Way back in November, the day before the U.S. election, I participated in another Mac Developer Roundtable podcast on the iPhone SDK. These are always fun to record, mostly for the back channel chatter on Skype while recording them. You can find the episode here:

Episode 14: The iPhone SDK

Those of you interested in Mac/iPhone development will find a world of resources at the Mac Developer Network. I highly recommend a subscription: these kind of peer-developed resources are what makes developing for these platforms such a joy. They deserve our support.

Quantified Self Meetup

December 15th, 2008

Last week, I gave a quick MemoryMiner demo at a meetup of the Quantified Self. This is a group of super-smart technologists, designers, writers, and the like, who recently formed and meet once a month. This time it was at IDEO’s San Francisco office, which is a really cool space in one of the old San Francisco piers.

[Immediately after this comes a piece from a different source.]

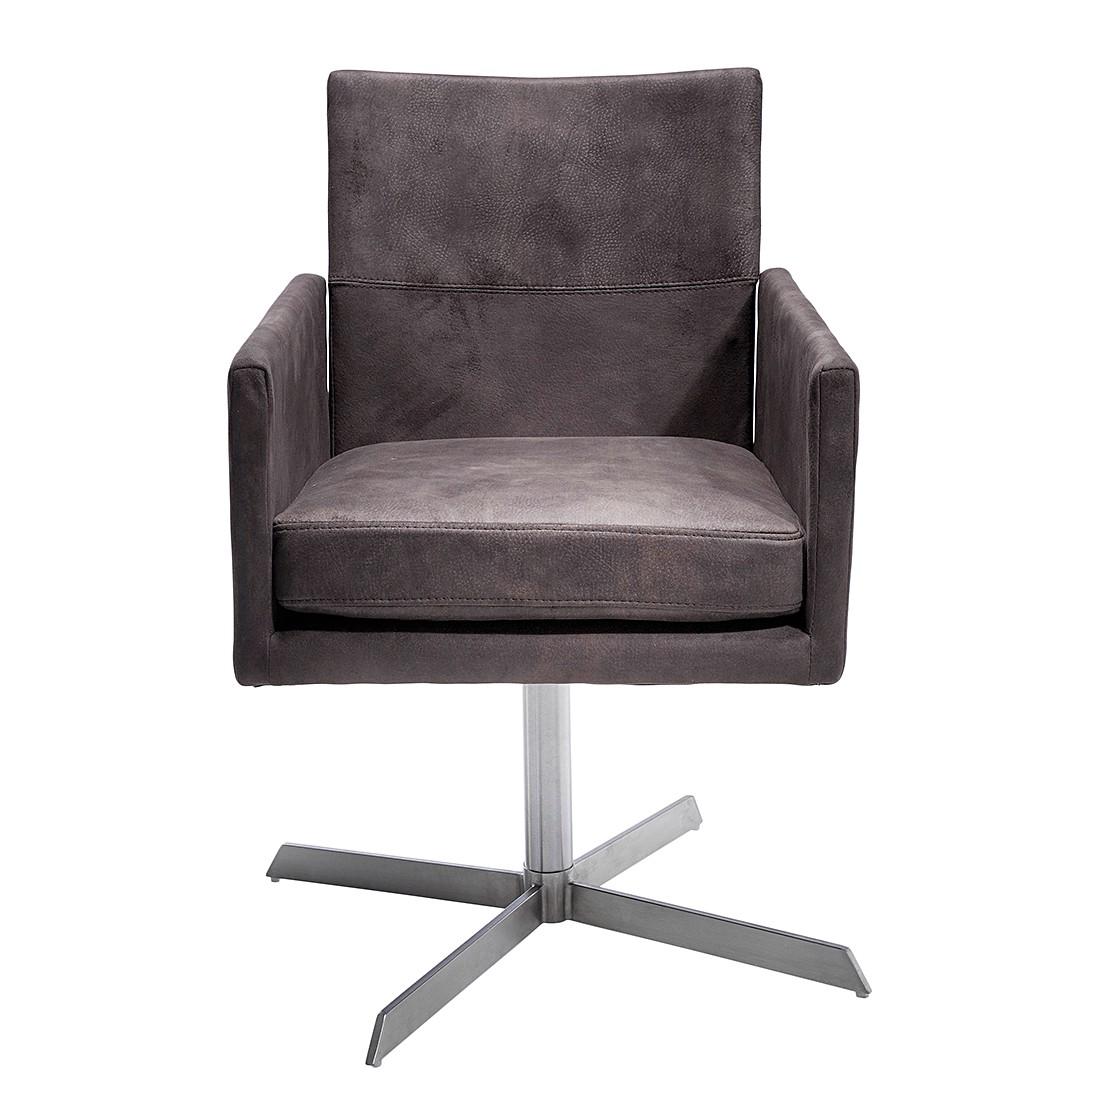 softline chaise pivotante design femi 5 comparer les. Black Bedroom Furniture Sets. Home Design Ideas

I was pretty damn nervous about trying to present MemoryMiner in 5 minutes, but somehow managed. It was very well received: I had a number of people seek me out, and even some offers of help and support (including design help for some of the tricky time/place correlations I’ve been struggling with). The whole thing was recorded, but I haven’t seen the video yet, so I thought I’d post a video of my presentation at the Los Angeles Idea Project from this past June:

John Fox, Memory Miner LA-IP 2008 from LA-IP on Vimeo.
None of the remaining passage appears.